Though distance/online learning may not replace in-class instruction, we cannot


go so far to say it is not valuable or that a student cannot learn a great deal from
them. Many colleges, particularly community colleges, have launched distance
learning and online educational systems to better serve their largely commuter
population. The student who takes, for example, Calculus I through distance
learning will likely leave with a similar understanding of the mathematical
principles as the student who takes Calculus I through a traditional, in-class
teaching system. The key point, however, is that their experiences will not be the
same. Distance learning/online education and in-class instructions provide
substantially different experiences to the students (and teacher) involved, and
different students will prefer different methods of course instruction. Distance
learning has value, can teach a student a great deal, but not all students learn
best in such an environment. Distance learning will never replace in-class
instruction, since many students learn better through in-class instruction than
through distance learning (and vice versa), but that is not to say it will not
continue to expand and provide value for the students who utilize it.

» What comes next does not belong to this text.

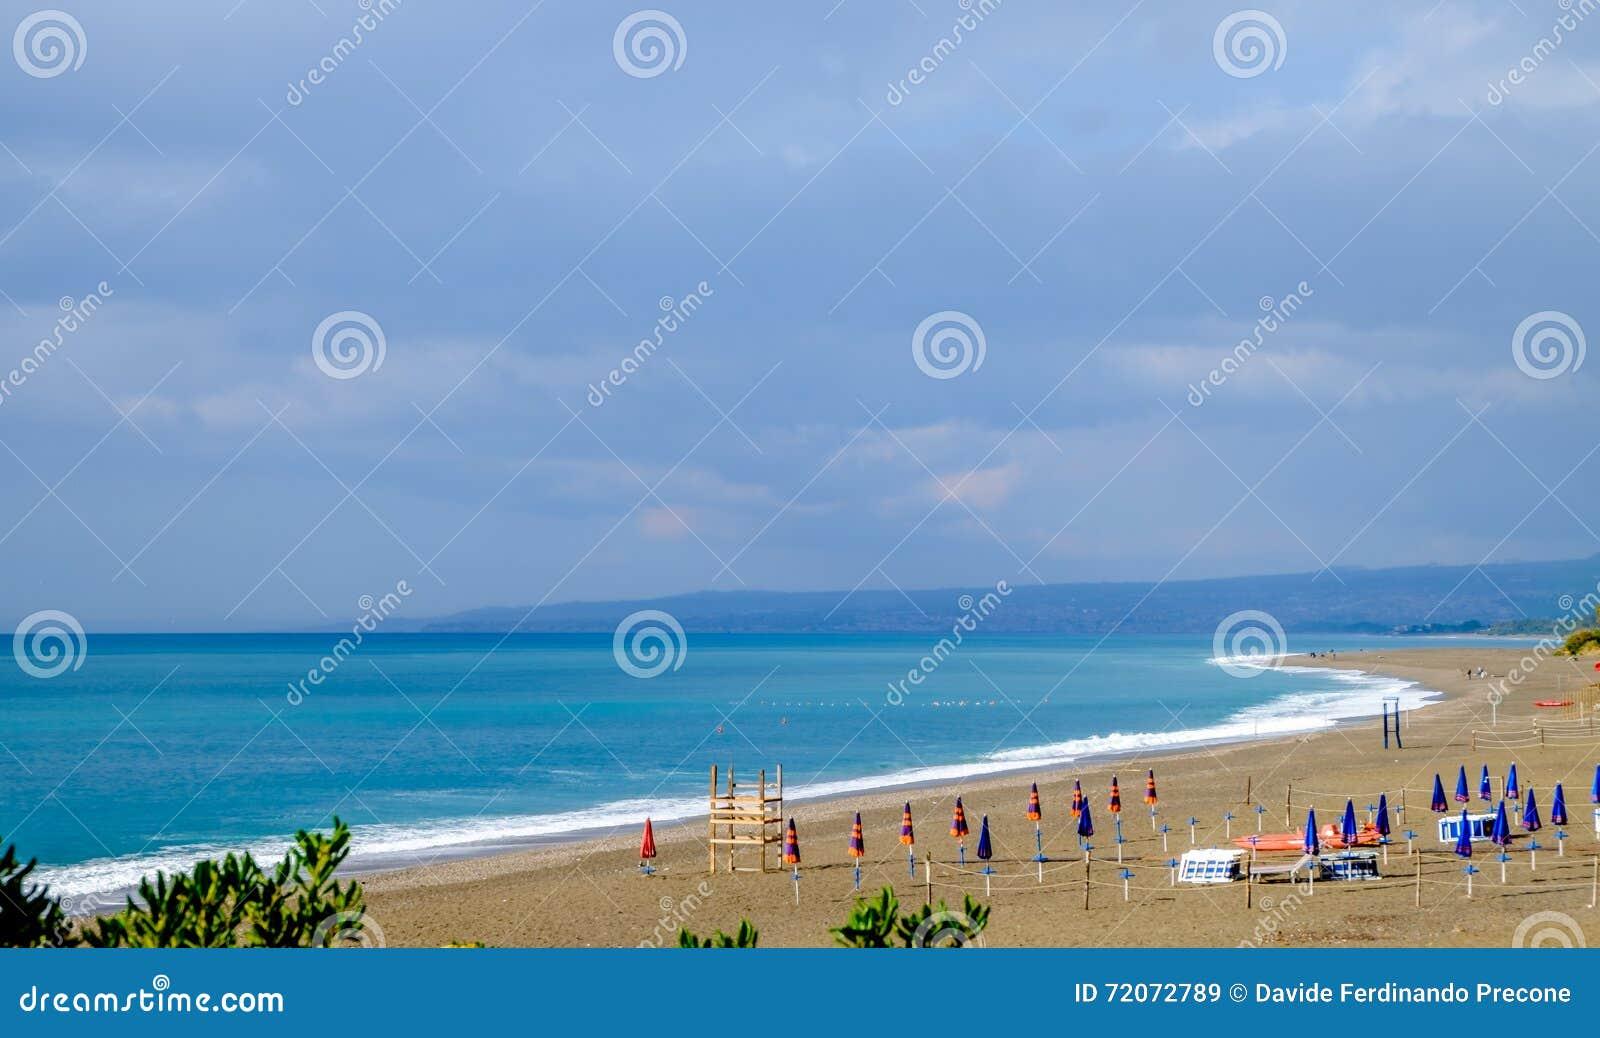 Giardini naxos la spiaggia di san pancrazio pienamente

In sum, distance learning and in class instruction provide different modes of


learning, and neither can exist as a substitute for the other. Neither can replicate
the other so completely as to say they are the same, and thus, neither can
replace the other. While distance learning will likely to continue to expand,
better serving populations that likely otherwise would not have access to the
types of information the courses disseminate, in-class instruction will remain,
primarily because it offers benefits that distance learning does not. Distance
learning provides convenience and an ever wider net of people willing to be
educated, but in-class instruction provides a spontaneity of interaction that
distance learning cannot duplicate. Therefore, distance learning will never truly
replace in-class instruction worldwide, though it will surely continue as a
supplement to such instruction and beneficial program on its own merit.